It will serve no useful purpose to recite the evidence. Suffice it is to say that the judge of the Pike Circuit Court heard the testimony, witnessed the demeanor of the witnesses, and determined that the custodial arrangement should not be changed. With this ruling of the court, we agree.
In appellant's brief, complaint is made that the trial judge did not grant appellant her relief under CR 60.02. No motion was ever made for such relief. Appellant sought relief pursuant to KRS 403.340; however, in a memorandum filed in support of the motion, appellant argues for relief pursuant to CR 60.02. Although the trial judge considered the proceeding before him as one authorized by KRS 403.340(1), there is nothing in the record to show whether the court considered the efficacy of CR 60.02 in arriving at his judgment. This court, however, has carefully considered the transcript of testimony and the record and finds that there is not a fragment of proof whereby appellant would be entitled to relief under CR 60.02.

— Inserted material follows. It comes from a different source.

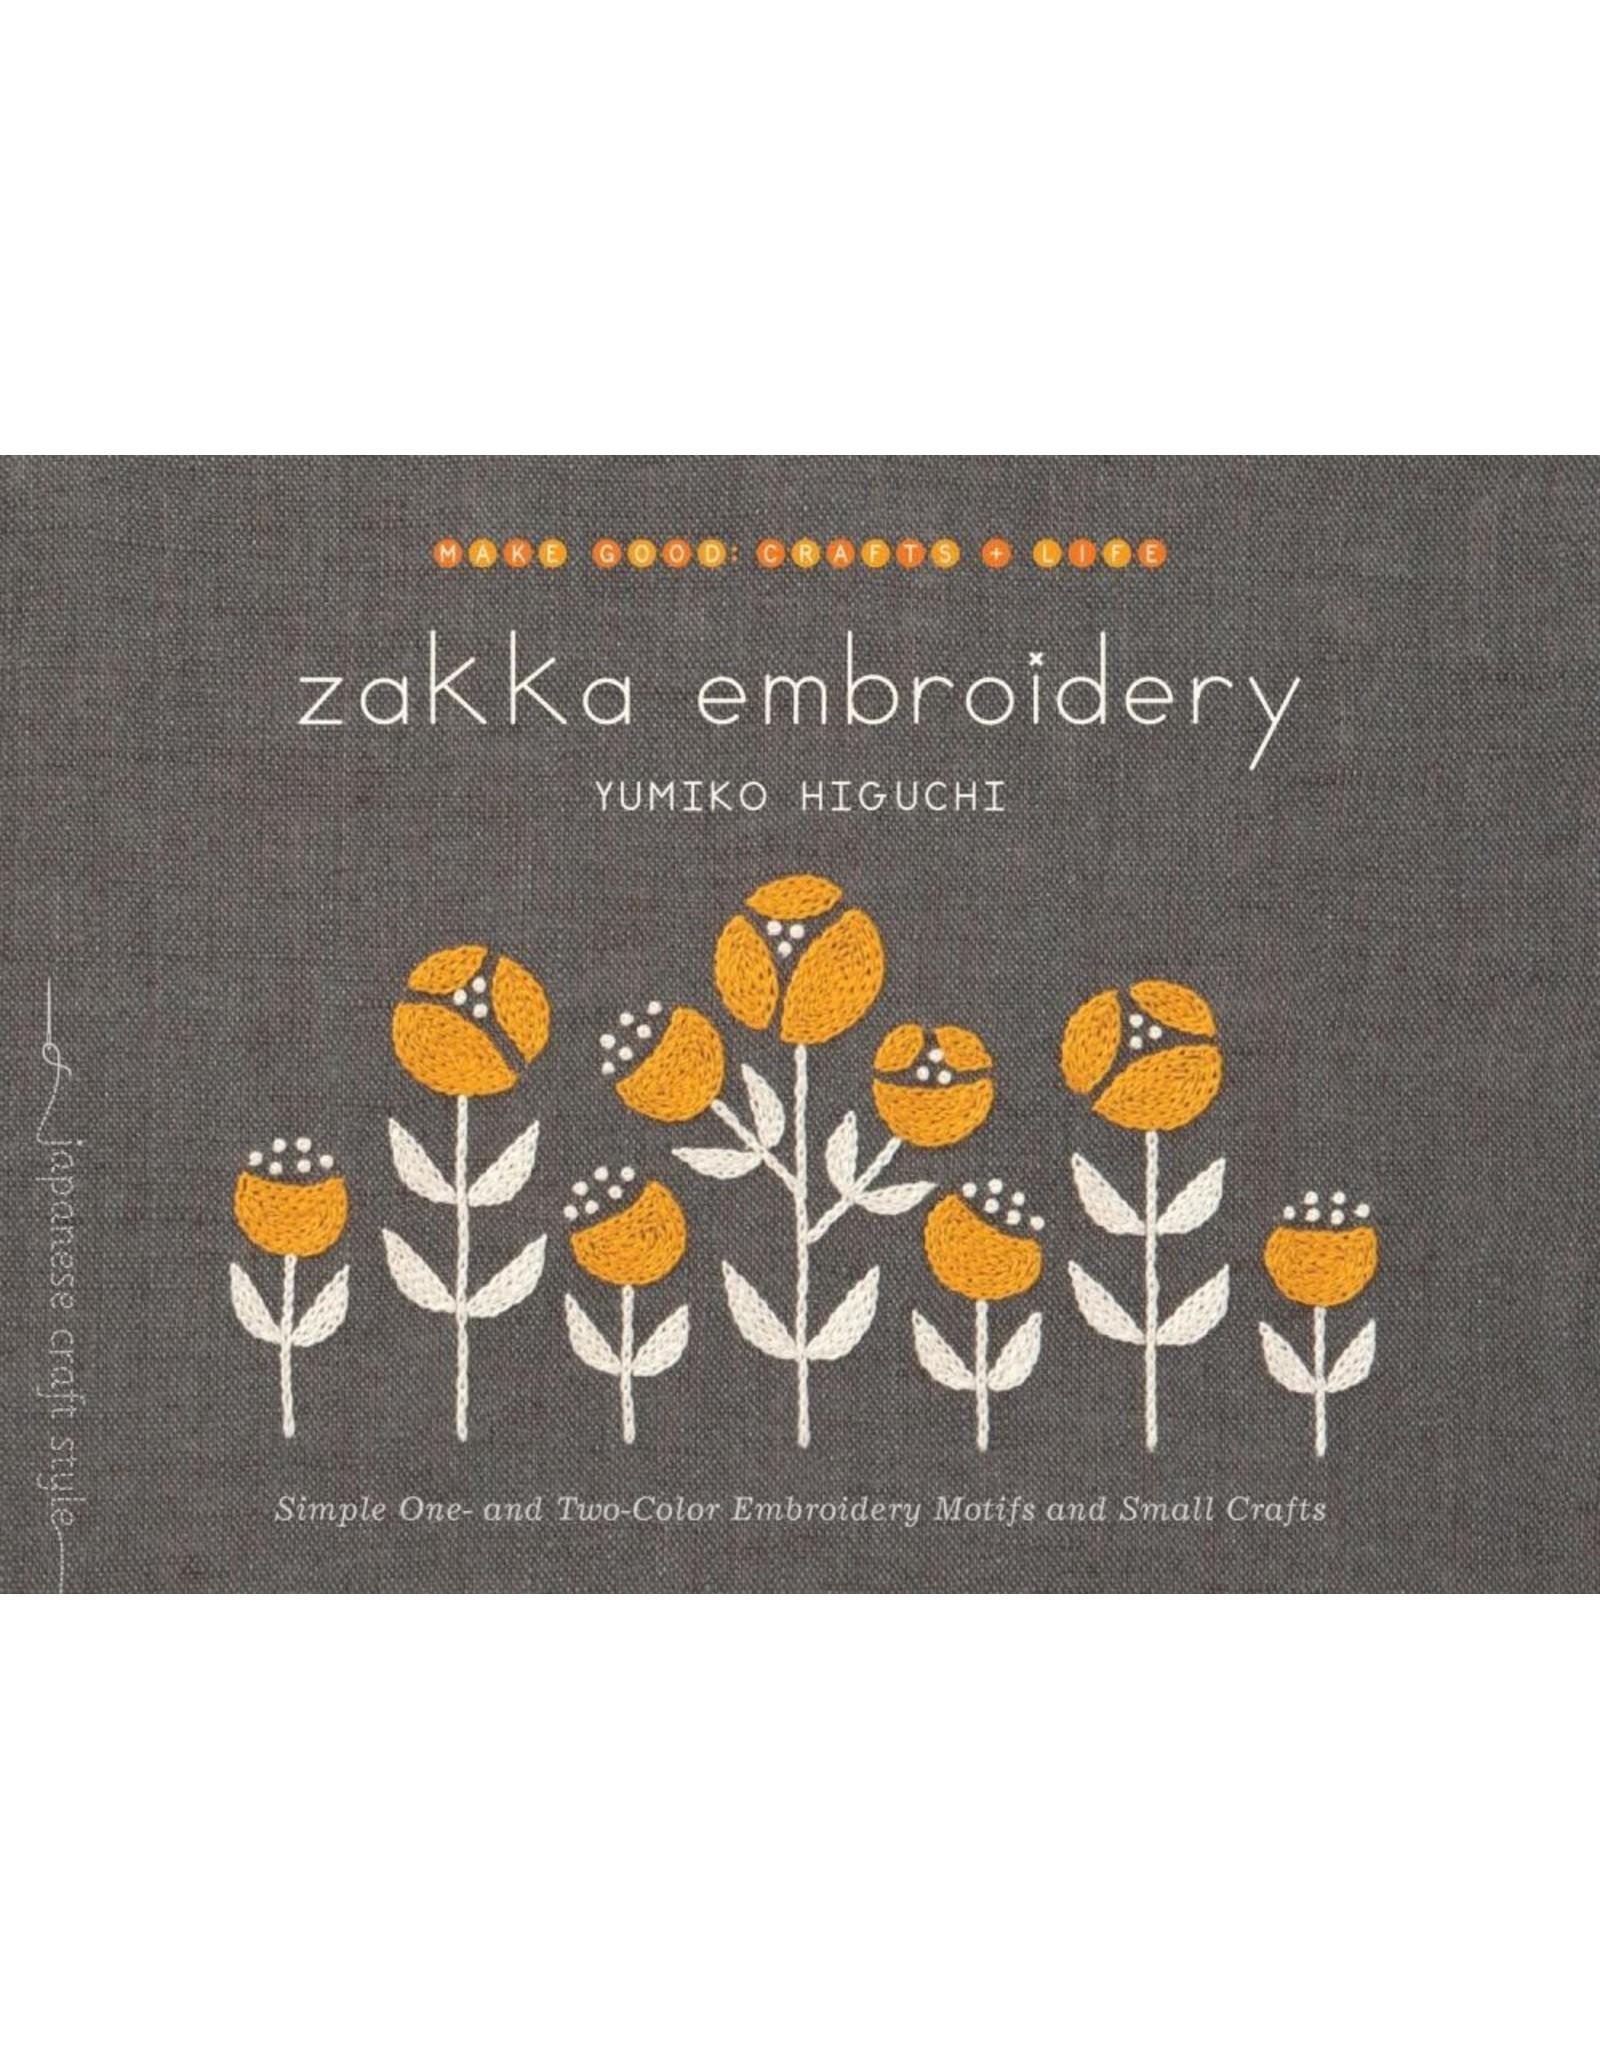 Yumiko Higuchi Zakka Embroidery

Appellant contends that the circuit judge erred as a matter of law in not making the transcript of the record of a criminal trial in which appellant was charged and acquitted a part of the record in this case, and further erred in not considering the record and the judgment in the criminal case in arriving at his decision in the present case.
In Shatz v. American Surety Company of New York, Ky., 295 S.W.2d 809, we held that a judgment of acquittal was incompetent and inadmissible in a civil action involving the same facts.
The judgment is affirmed.
REED, C. J., and PALMORE, JONES, LUKOWSKY, STERNBERG and CLAYTON, JJ., sitting.
All concur.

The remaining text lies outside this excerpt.